Usually, memory allocation of OS is fast, especially the computer has just started. But over time memory fragmentation becomes serious, memory allocation and access will become more and more slowly. Memory fragmentation caused by the continuously allocate and free memory of different size.

Memory fragments.

When memory fragmentation becomes serious, owing to addresses of memory need by execution sequences are very discrete, MMU (Memory Management Unit, hardware, a part of CPU) triggers missing pages interruption more frequently. This is the cause of slow memory access.

To find a free memory block that match the size of memory allocation most is becomes hard when memory fragmentation becomes serious. Because OS needs search more free memory blocks to find one of the best size. This is the cause of slow memory allocation.

The keys to solve the above problems are to avoid memory fragmentation as far as possible and to reduce the memory allocation and freeing. The solution is memory pool.

For memory pools, to speedup memory allocation is not as important as to speedup memory access. Because memory access is with a running program from beginning to end. Memory allocation is not as often. In the following part, I will introduce a memory pool that to reduce memory fragments by allocate a large blocks of memory and to speedup memory allocation by do not really free the allocated memory.

Introduction

This is a high performance, flexible, cross-platform memory pool published under MIT Licence. It is free for personal or commercial use and had been used in many production environment.

In the past three years, I engaged in developping computer vision systems for traffic management. In this kind of programs, many large blocks of memory are needed to cache the images from ip camera and process them in real time. If we use malloc or new to allocate every time a large block of memory is needed, as the program running, we found memory allocation becomes more and more slowly and more likely to fail. The program also runs more slowly.

The reason is memory fragmentation that caused by the continuously allocate and free memory of different size. I found the key to solve the problem, it is memory pool. I investigated memory pool from Apache Portable Runtime. Found that it is a little complex and hard to make it support embedded platform. The most important is that APR is better at creating and destroying memory pool than at allocating and freeing memory in one pool.

Implementation

Memory is managed with node and slice of this memory pool. Node is a big block of memory, slice is a small block of memory in the node. Each memory block allocated from this memory pool is belong to a slice.

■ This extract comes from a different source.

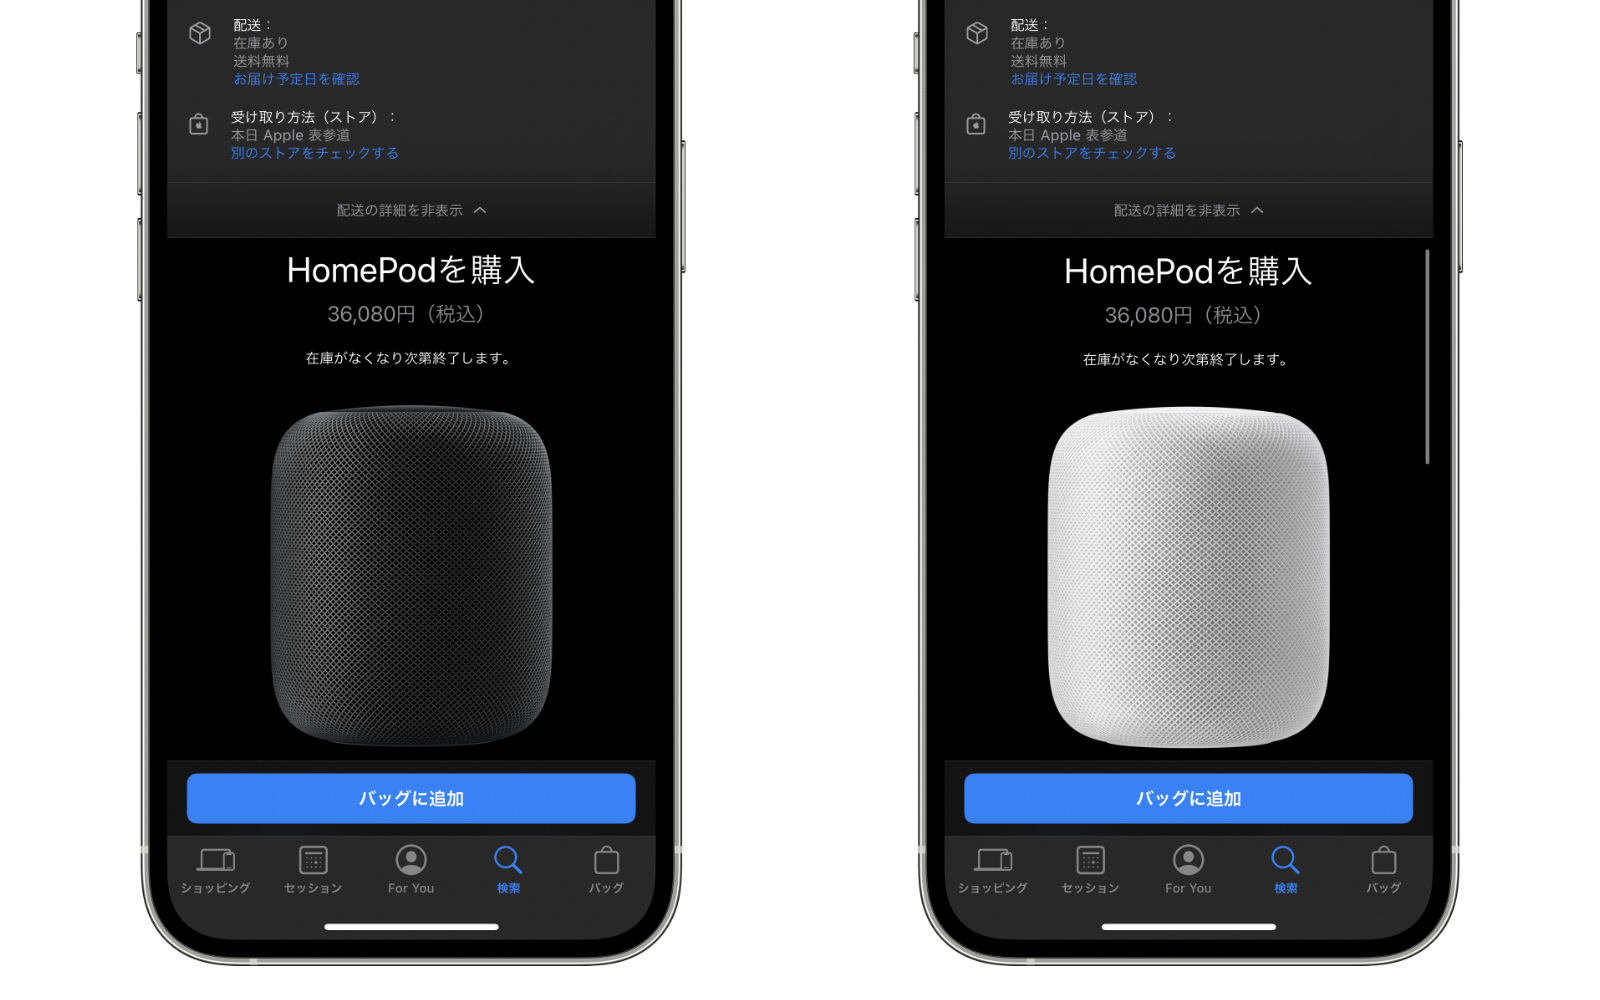 HomePod Still on sale
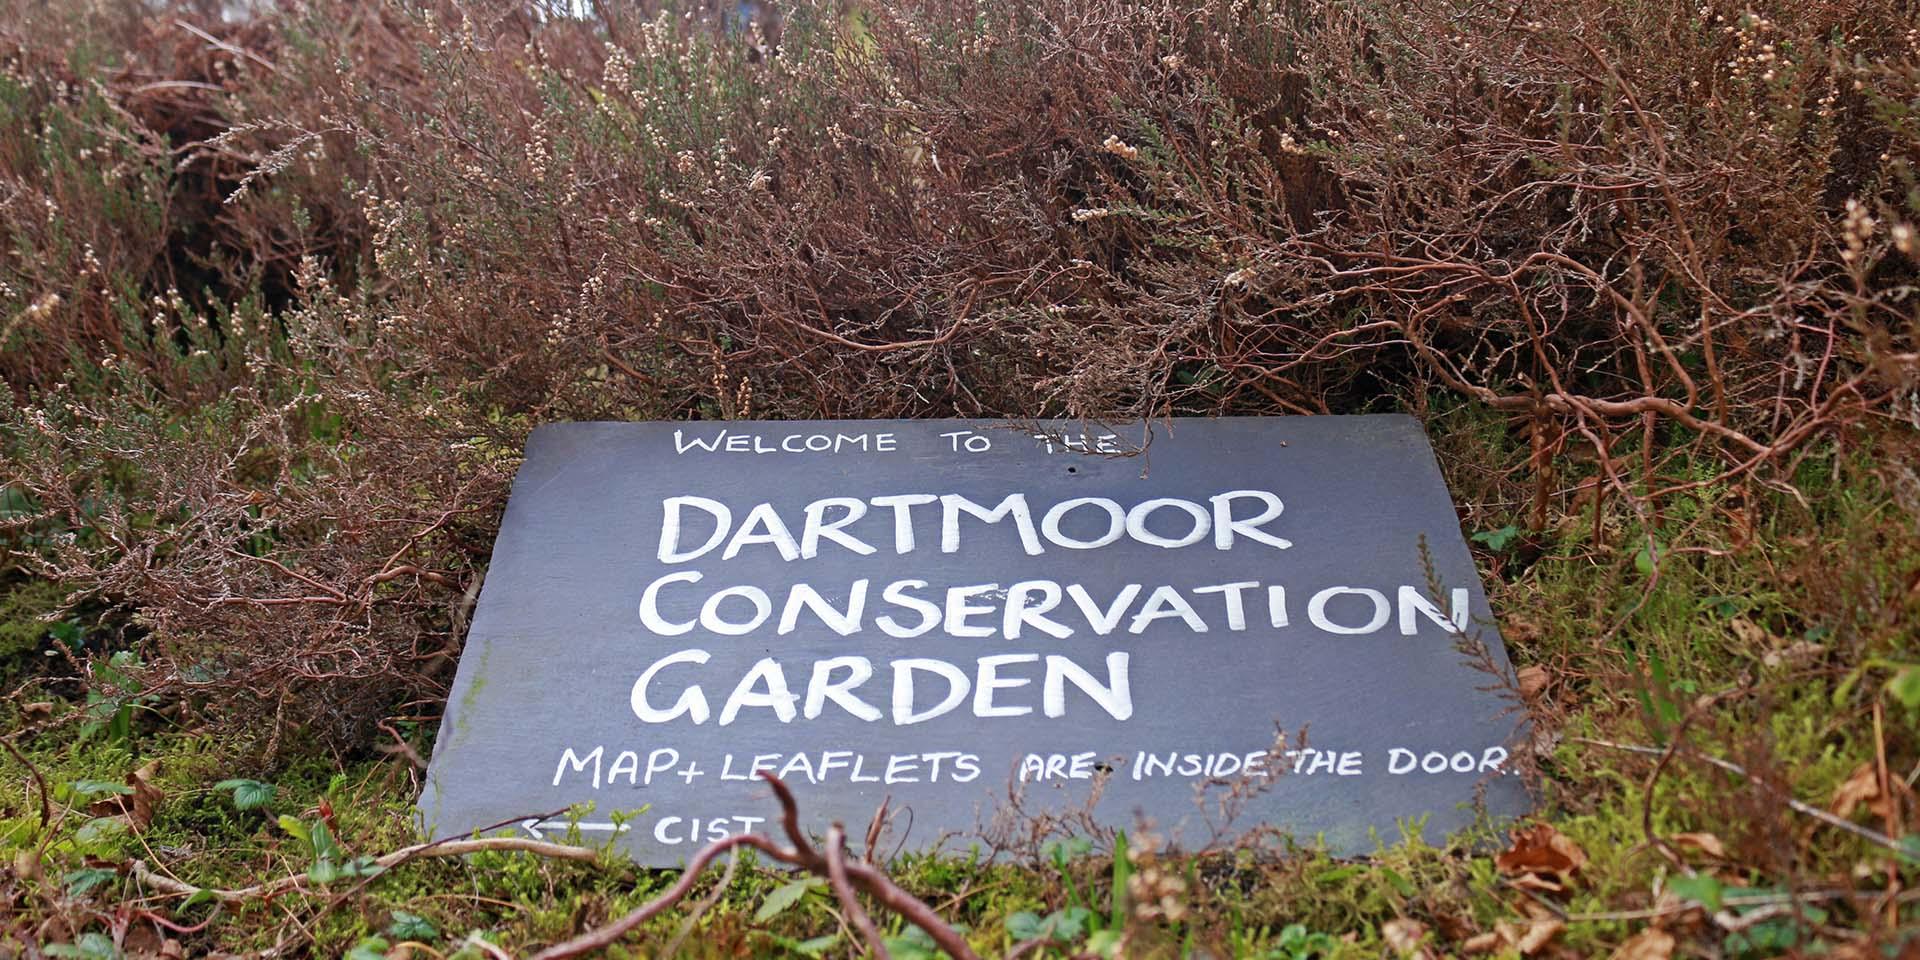 Sign for Dartmoor Conservation Garden

Memory layout of pool, node and slice.

All slices from a memory pool is of the same size, so this memory pool is more like a object pool. But we can implement a more flexible memory pool by use many memory pool instance of different slice size.

Nodes is linked as list, available slices also linked as list. When allocate memory form the memory pool. It first check whether a free slice is exist. If exist take one. If not, check whether the newly allocated node have never used slices. If have, take a slice form the node. If not, allocate a new node and take a slice from it. When free a memory block, just move it to the head of available slice list.

The data structure of a memory pool at runtime.

This memory pool is organized in tree structure. When create a memory pool, we can specify its parent memory pool by use a pointer to the parent pool as the first parameter for elr_mpl_create function. When a memory pool is destroyed, its child memory pool also be destroyed. So we do not need destroy the memory pool and its child memory pool when we do not need those memory pools, just destory the parent memory pool. If we do not specify the parent memory pool when create a memory pool, the memory pool`s parent memory pool is the global memory pool, which is created at the first time elr_mpl_init be invoked, and be destoryed at the last time elr_mpl_finalize be invoked.

Memory usage of memory pools' control structure are allocated from the global memory pool. We can see that in this realization of memory pool all memory pool instance is the child or sub-child of the global memory pool. This means all memory pools will be destroyed when the last time elr_mpl_finalize be called. This reduce the chance of memory leak to the minimum degree.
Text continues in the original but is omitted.